Adventures in Networking, Part 5: Splunking

When I finished part 4, I had a zone-based firewall set up with rules for traffic between each zone. Since I started with a locked-down configuration, how did I know what was getting blocked, especially those services that may run in the background without any user intervention? I solved this, and many other problems, by using Splunk to analyze my firewall rules and figure out what was getting blocked.

Splunk, for those who don’t know about it, is a log aggregator/data analyzer that is based on a map-reduce architecture to quickly chomp through huge data sets. Huge data sets like, for example, firewall logs! Setting up Splunk to analyze those firewall rules isn’t hard at all. First, of course, you need to install Splunk, which comes in both Windows and Unix versions. Then, set up Splunk to receive syslog on port 514 (or use your own syslog receiver and just have Splunk read the logs directly). Since I set this up on Windows, I did the former.

On the EdgeOS side, you can use either the GUI (in the System tab at the bottom) or the CLI (by configuring the syslog node) to point it at the host that Splunk is on. By default, EdgeOS limits syslog messages to errors only, and the only way to change this is via the CLI. Since we want informational logs as well, we’ll have to set that up via the CLI, which is easy to do; just change the level from notice to info. With that in place, Splunk will start receiving logs from your router.
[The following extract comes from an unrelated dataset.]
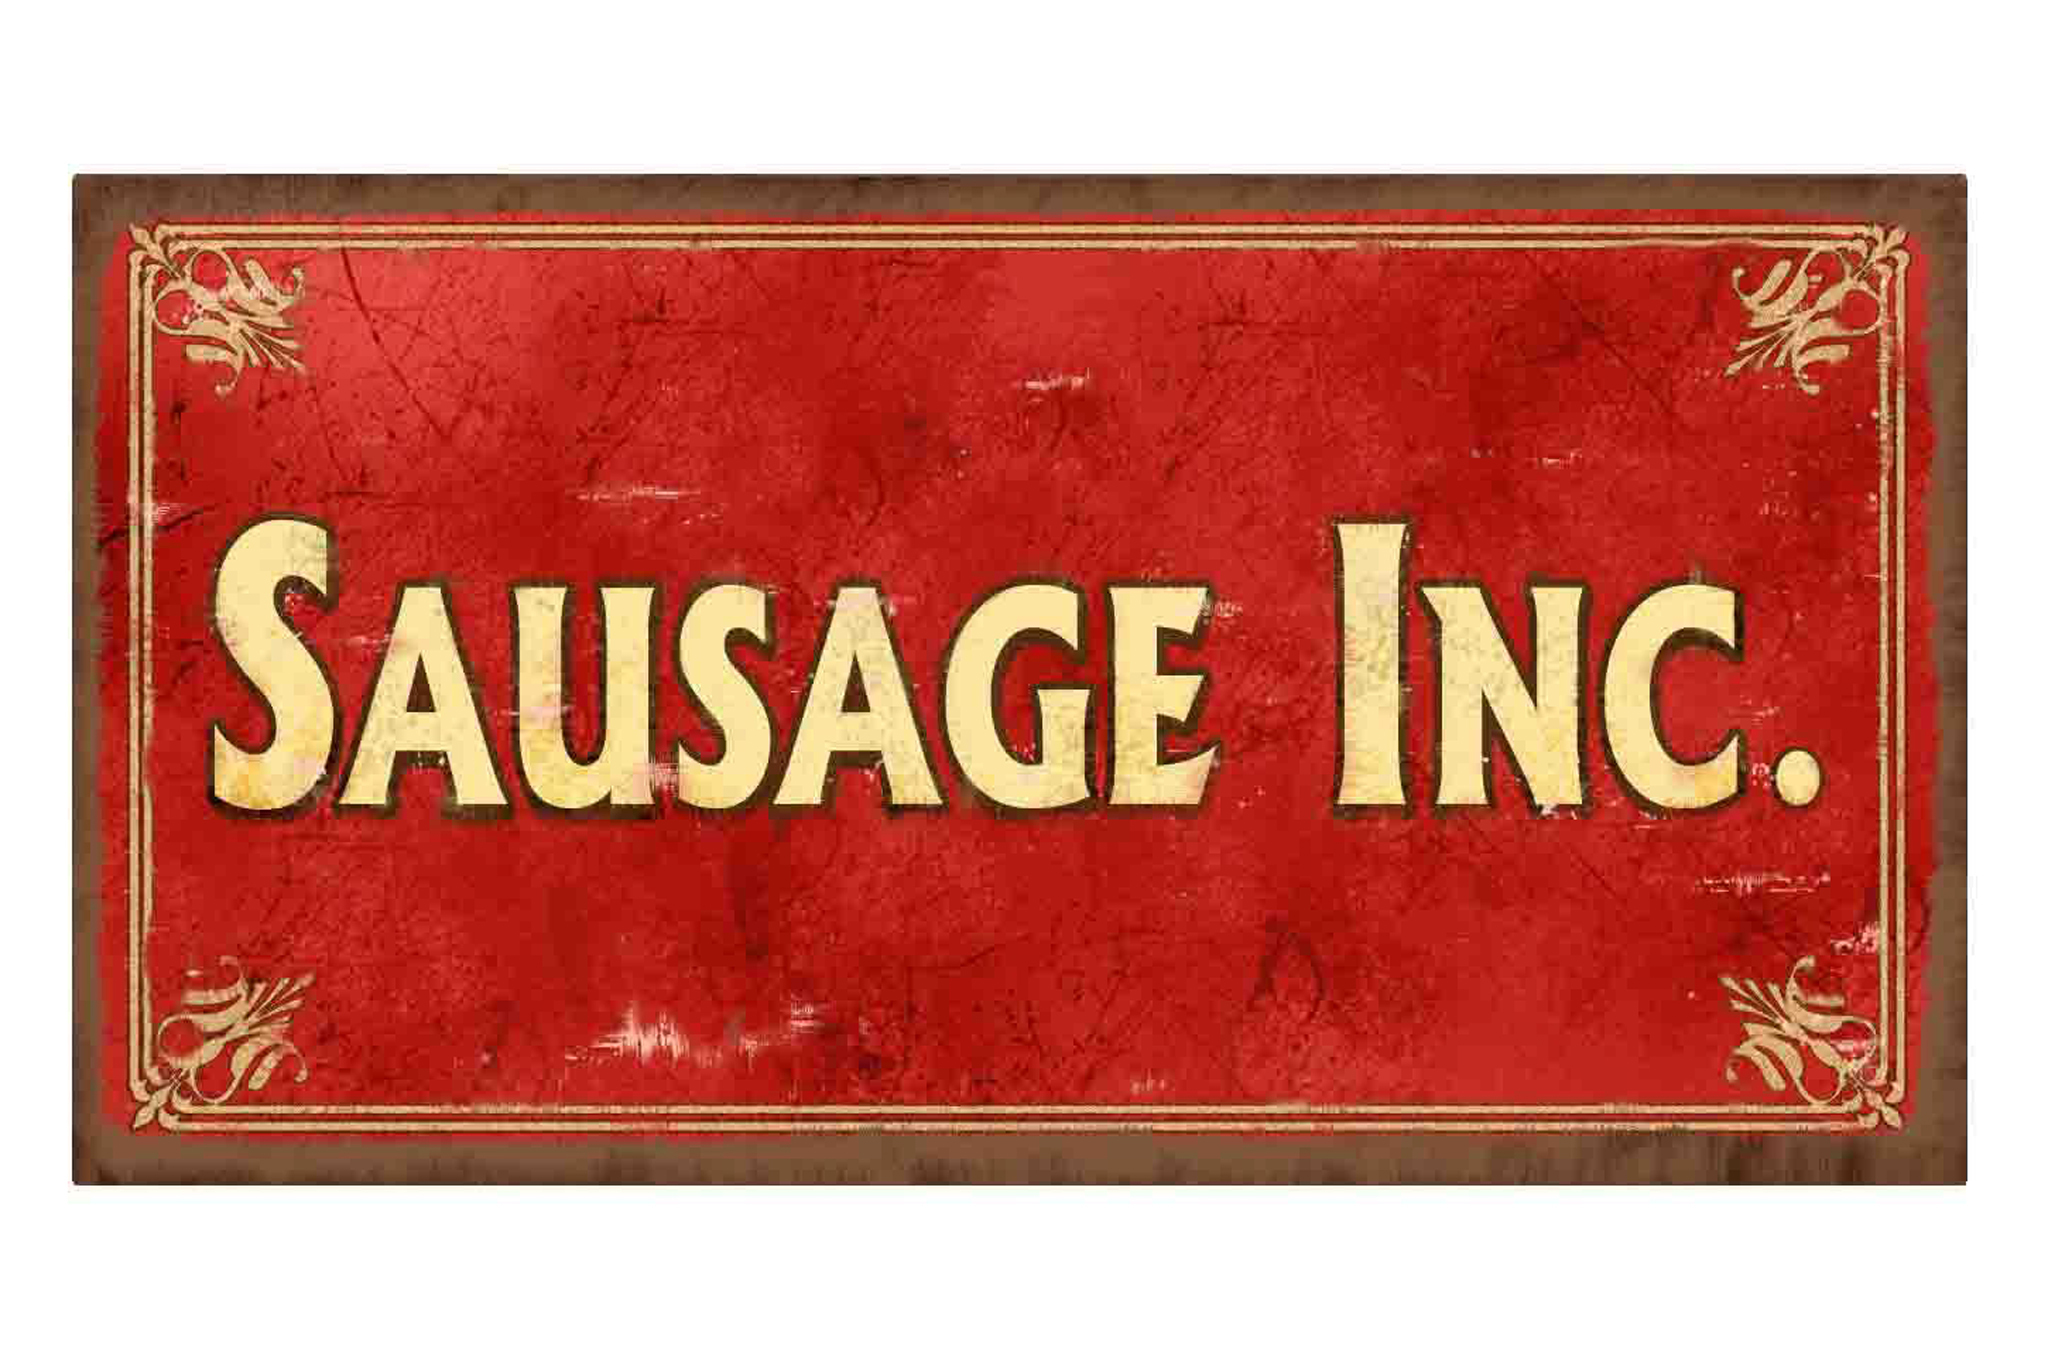 Sausage Inc.

What does a typical event look like? Here’s an accept event for a firewall rule:

Jul 31 21:29:38 192.168.1.254 Jul 31 21:29:47 erl1 kernel: [WLAN-WAN-200-A]IN=eth1 OUT=eth2 MAC=24:a4:3c:05:28:1e:c8:60:00:d4:b5:d9:08:00 SRC=192.168.1.11 DST=74.125.192.95 LEN=52 TOS=0x00 PREC=0x00 TTL=127 ID=26199 DF PROTO=TCP SPT=65239 DPT=443 WINDOW=8192 RES=0x00 SYN URGP=0

There’s a lot here, but it’s pretty easy to parse: The time, source, hostname, firewall rule (in this case rule 200 for WLAN to WAN traffic, which allows HTTP/S traffic), in and out interfaces, MAC address, source and destination IPs, source and destination ports, protocol, TTL, and various flags. This event appears to be a connection to Google over SSL, for example.

You can use this information directly to start hunting for firewall drops, it can be tricky. What would be nice is to get a view of just firewall drops, for example. Luckily, EdgeOS and Splunk make this easy. All drops are going to end in “-D]” and all accepts are going to end in “-A]”, so it is possible to extract those fields with a simple regex, which Splunk can build interactively. A few clicks and there it is, a new field with exactly the data you want.

It gets better, though. Splunk has dashboards that are really easy to set up, plus pivot reports. Put those two together, and this is the kind of overview you can get:

SplunkDashboard

I have a report showing firewall drops (by rule and destination port), outbound connections, and accepts (by interface pair and rule, so I can ensure that my rule ordering is most efficient). All of these default to last 24 hours, but I have time pickers to allow me to change that to any time period I want (I had to fiddle with the XML source but eventually figured it out). Easy!

But wait, there’s more! Splunk apps can do neat things like geomapping IP addresses. How about a map of where those connections in the past 24 hours are going? Yes, Splunk can do this with the help of a Google Maps Splunk app:

SplunkGoogleMaps

Using Splunk, I have a ton of data at my fingertips. Too much, sometimes, in fact. Looking at firewall logs and trying to find an explanation for every little weird event is a task that could easily turn into a full-time job, so it’s important to know when to just leave it alone. Splunk can correlate events, set up alerts, and do other neat stuff, so if you really care about strange events, you can set up searches to let you know when they happen.

Pretty much everything is done with my EdgeRouter setup at this point, save for one final task, one of the primary drivers of this adventure in the first place: IPv6. It’s fitting that Part 6 will be setting up IPv6, and that’s the next installment.